_Your goal_
The answer is to be the lines below that lie between the line holding "The Versatility of Plastic Card ID" and the line holding "Innovative Meets Practical", inclusive, transcribed exactly and free of pictures.

_Supplied information_
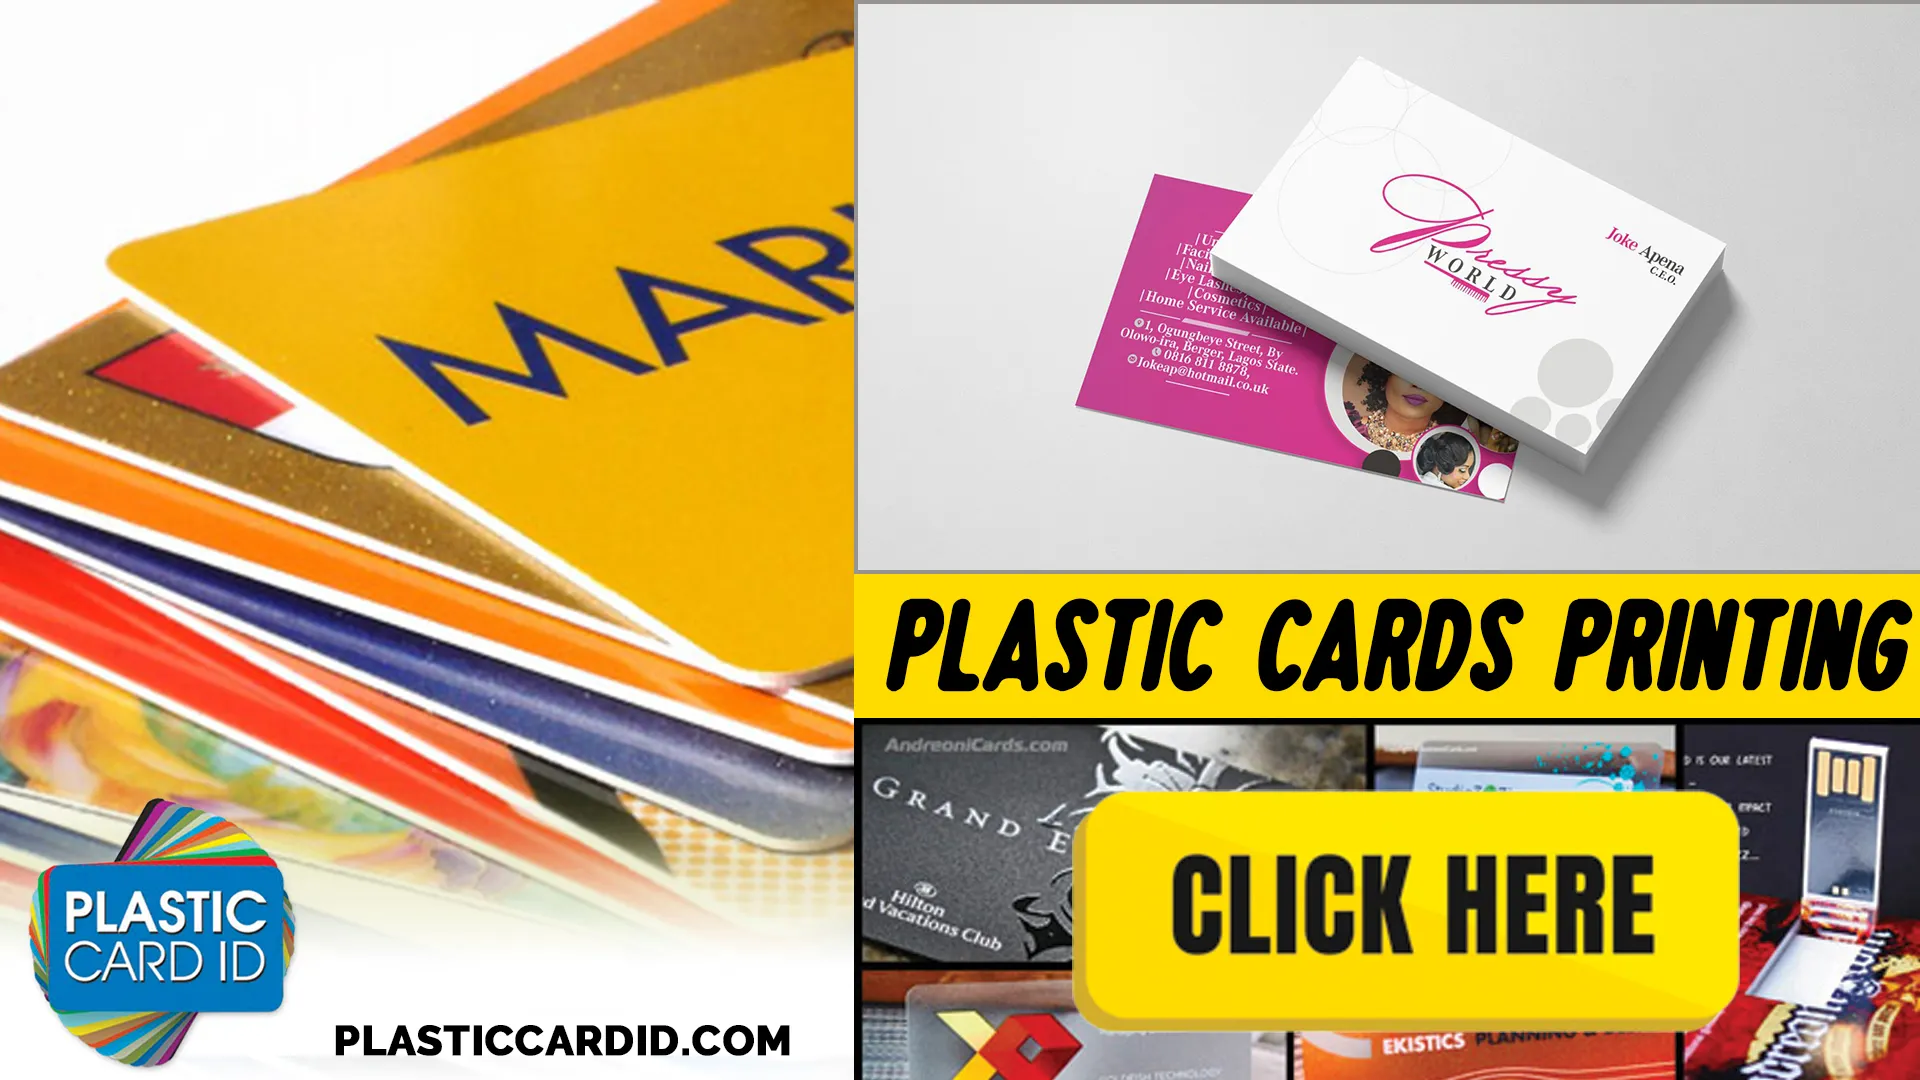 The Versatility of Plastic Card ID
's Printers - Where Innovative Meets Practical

--

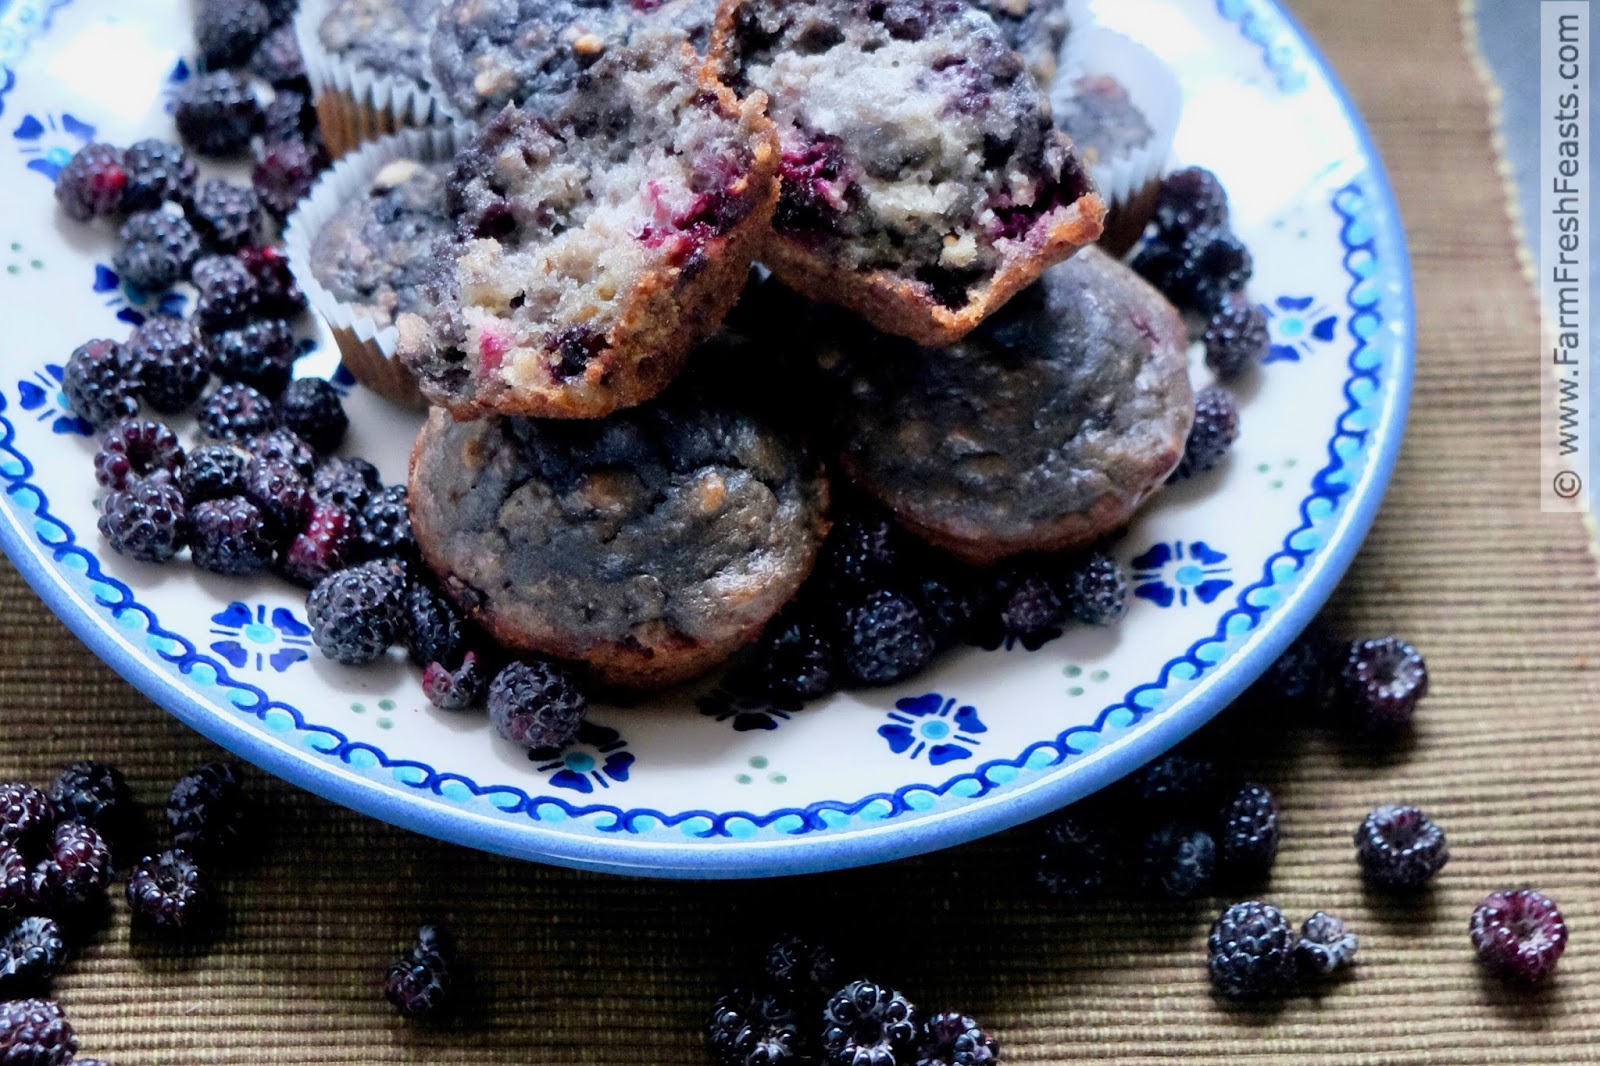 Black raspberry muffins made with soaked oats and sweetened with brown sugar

_Reply to the task_
 The Versatility of Plastic Card ID
's Printers - Where Innovative Meets Practical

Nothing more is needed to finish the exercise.